Try it:
Starting at the line below with "Casino-Banner Vektorgrafiken, Symbole" and stopping at the line with "Yamaha giới thiệu", please print each line exactly, those two included, and skip every picture.

Task input:
<<<<

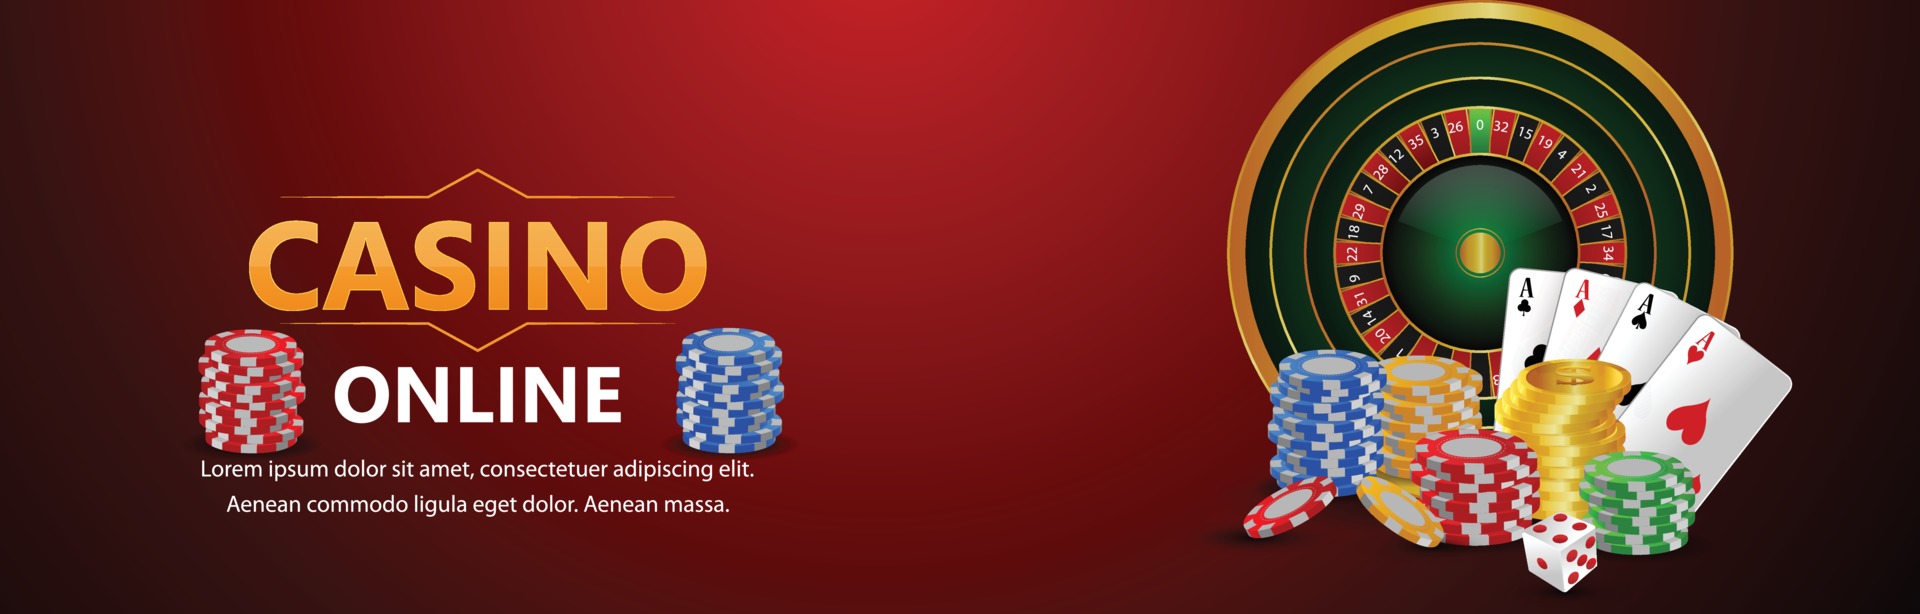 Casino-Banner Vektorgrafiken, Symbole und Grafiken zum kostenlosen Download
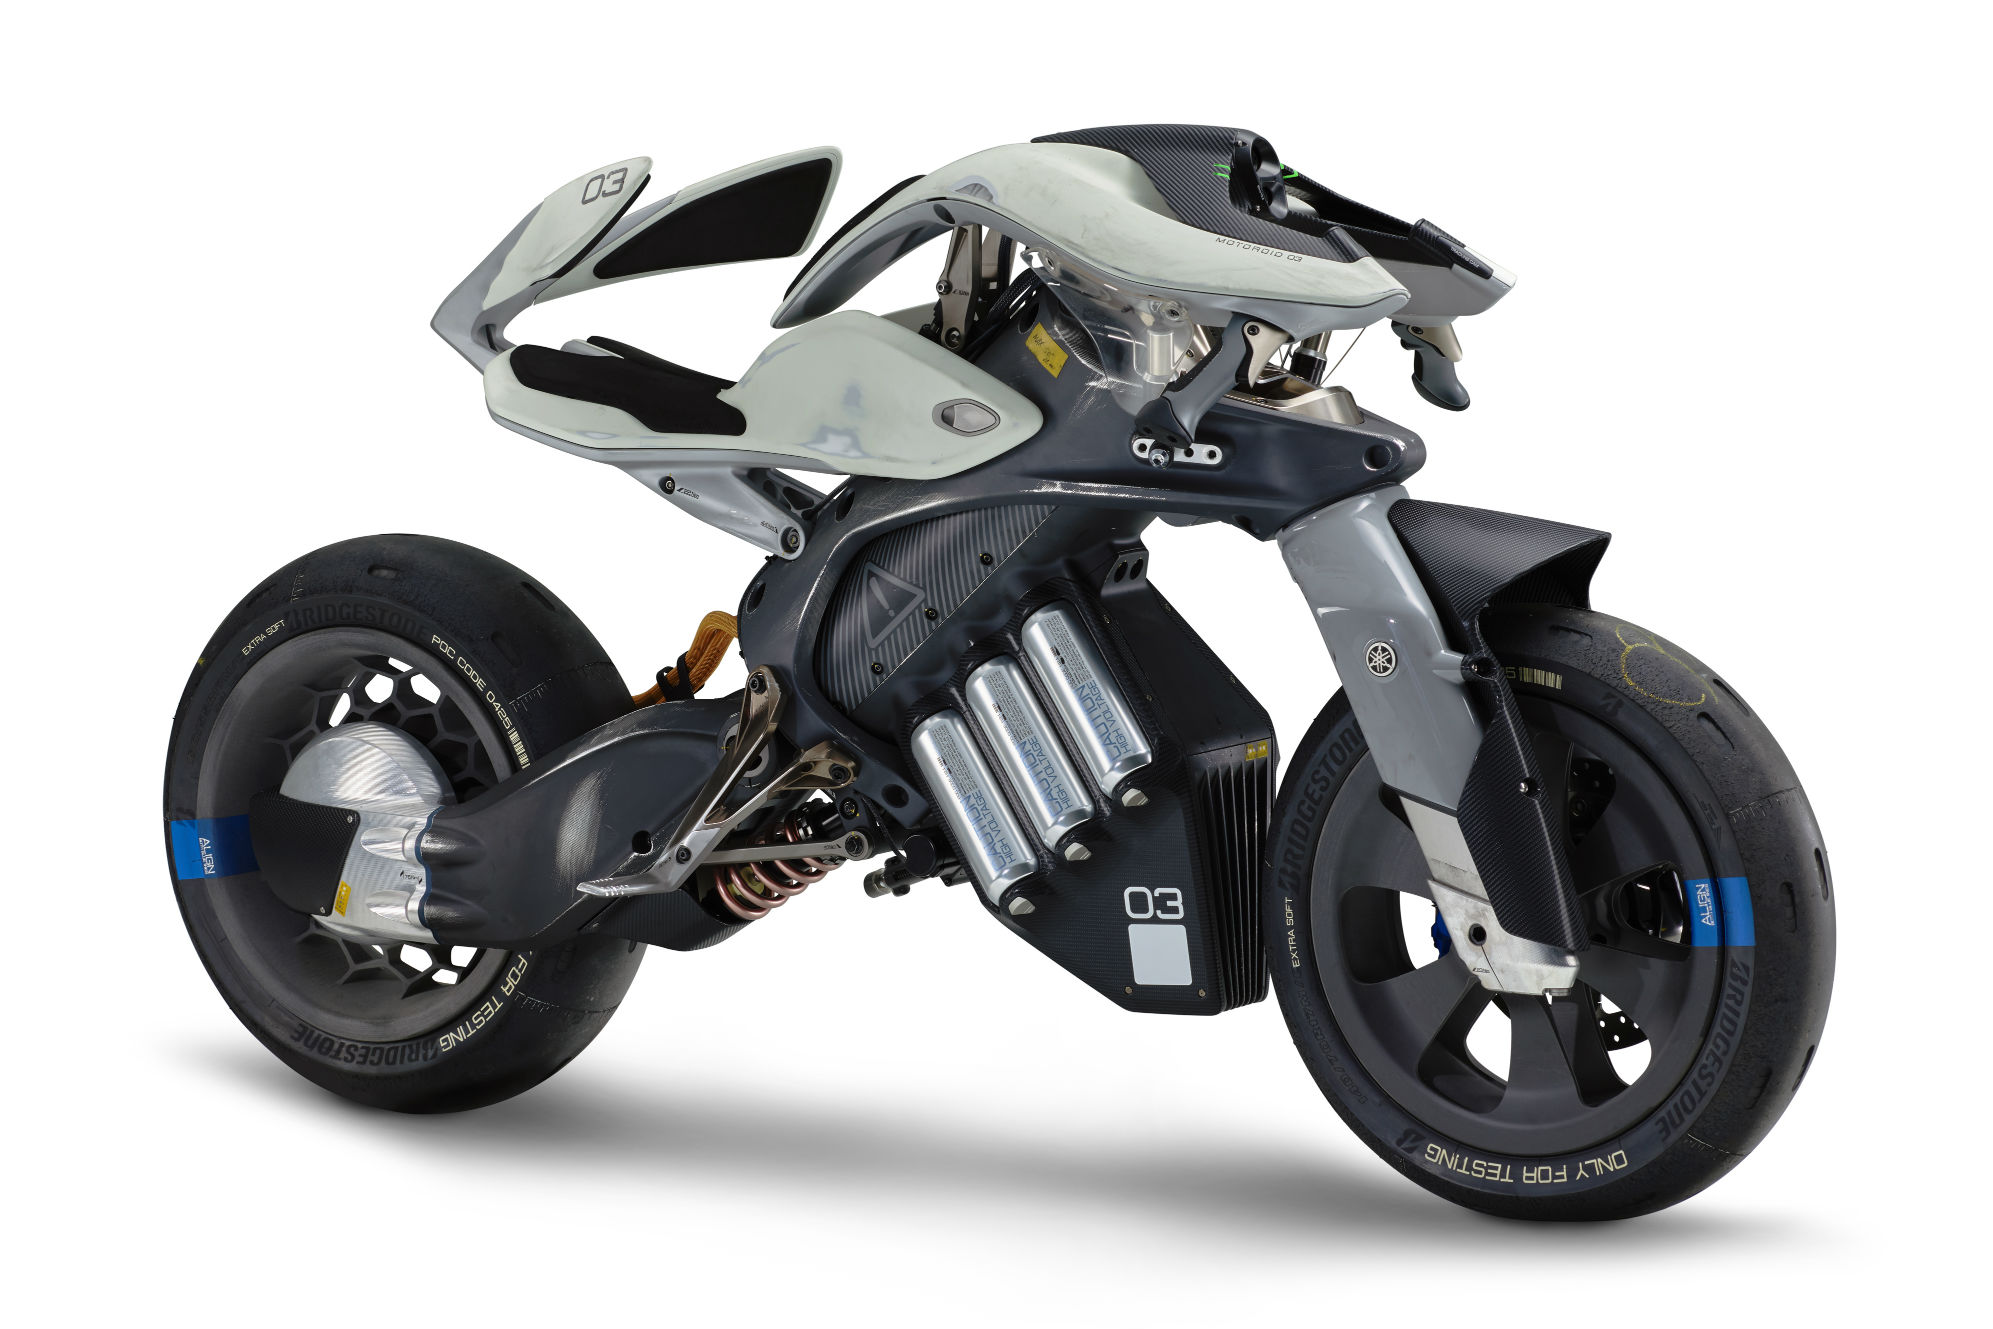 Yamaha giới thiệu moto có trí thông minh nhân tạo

>>>>
<<<<

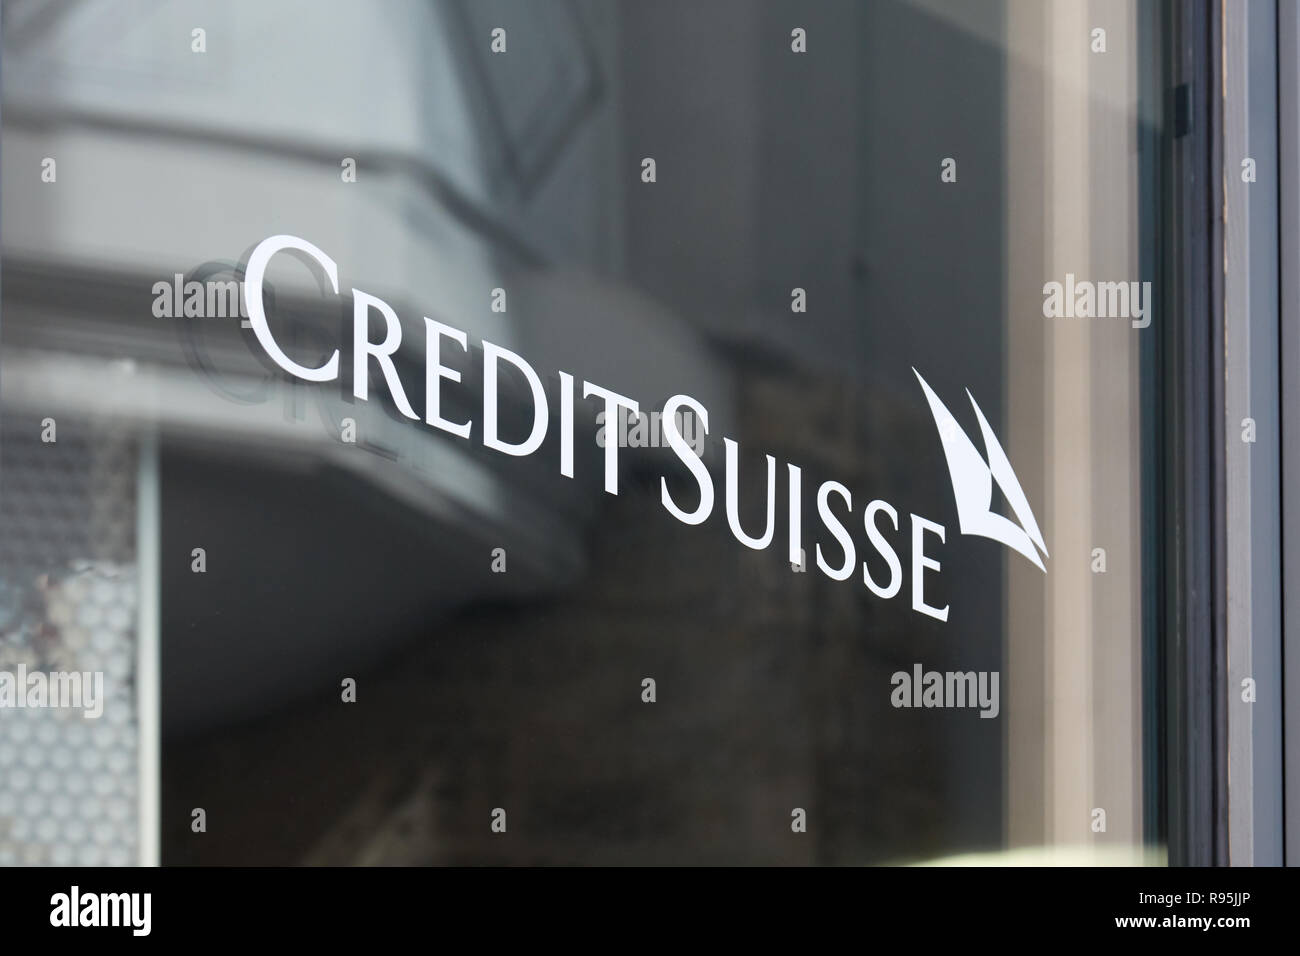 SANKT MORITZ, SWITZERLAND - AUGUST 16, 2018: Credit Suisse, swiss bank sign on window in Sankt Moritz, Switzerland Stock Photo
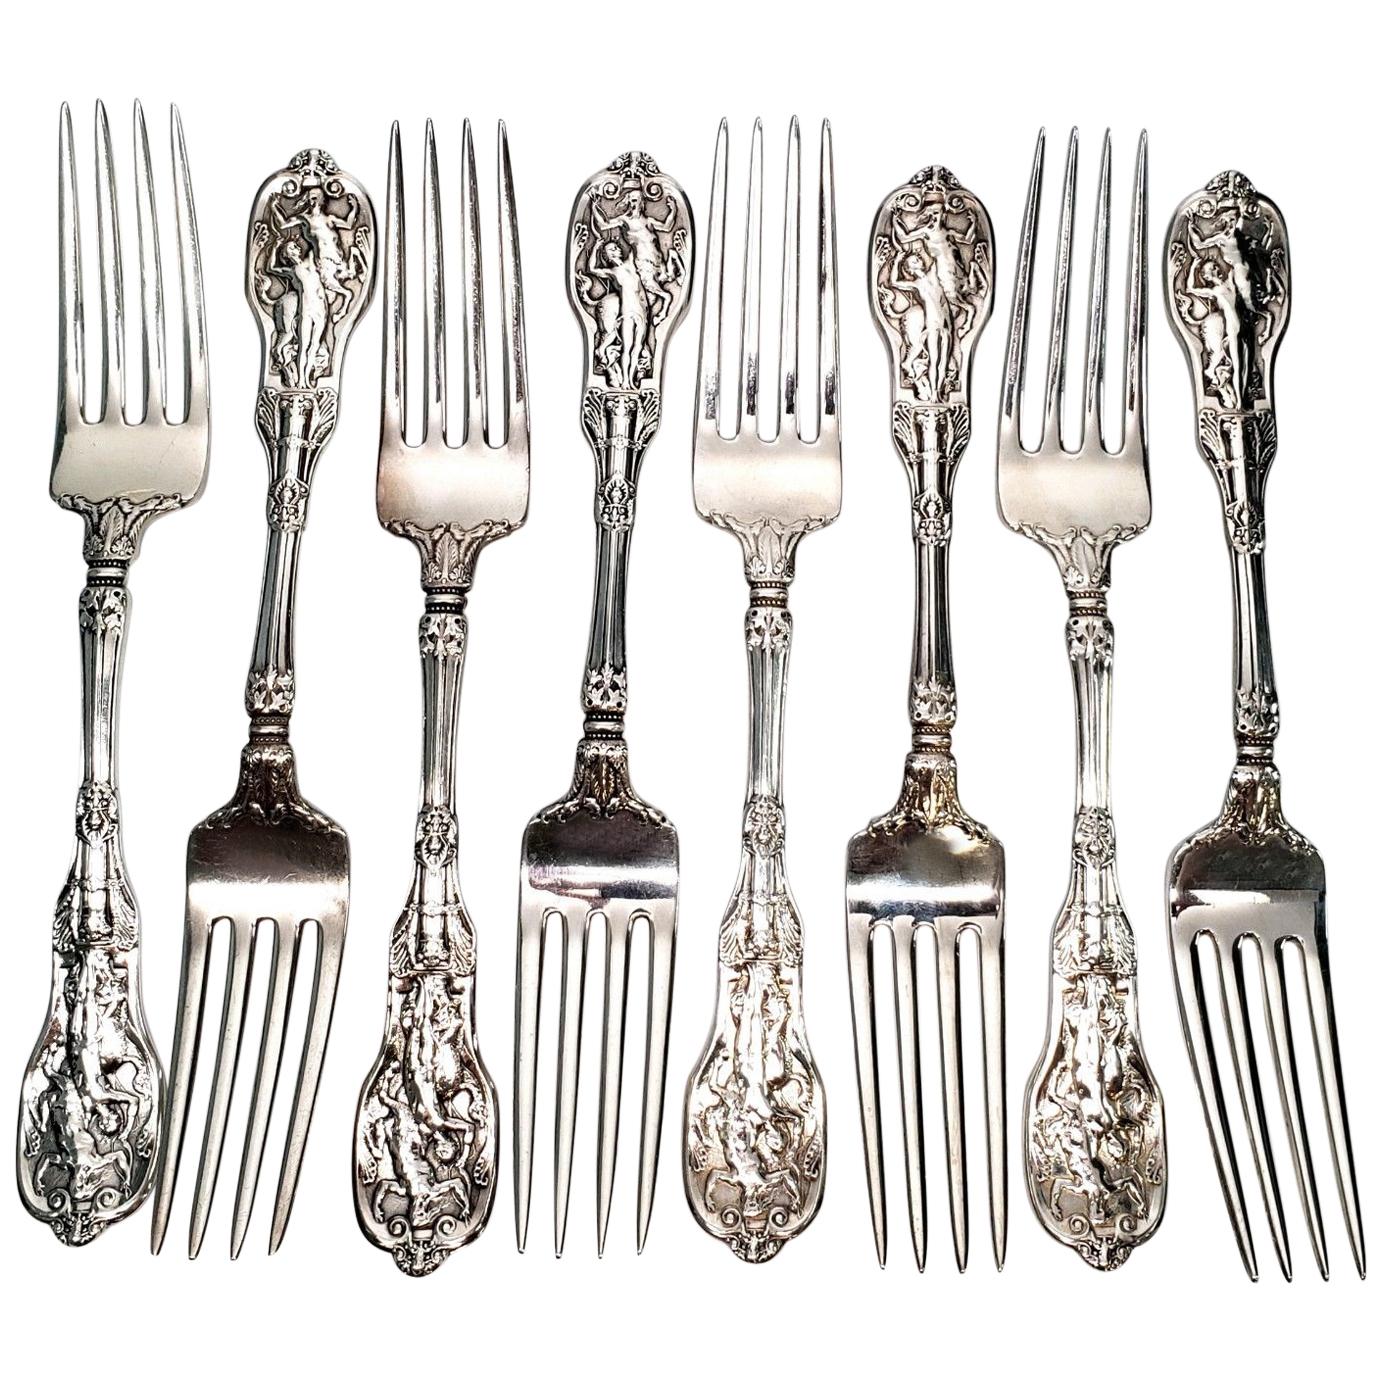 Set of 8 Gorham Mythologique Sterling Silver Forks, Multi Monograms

>>>>

Answer to this task:
 Casino-Banner Vektorgrafiken, Symbole und Grafiken zum kostenlosen Download
 Yamaha giới thiệu moto có trí thông minh nhân tạo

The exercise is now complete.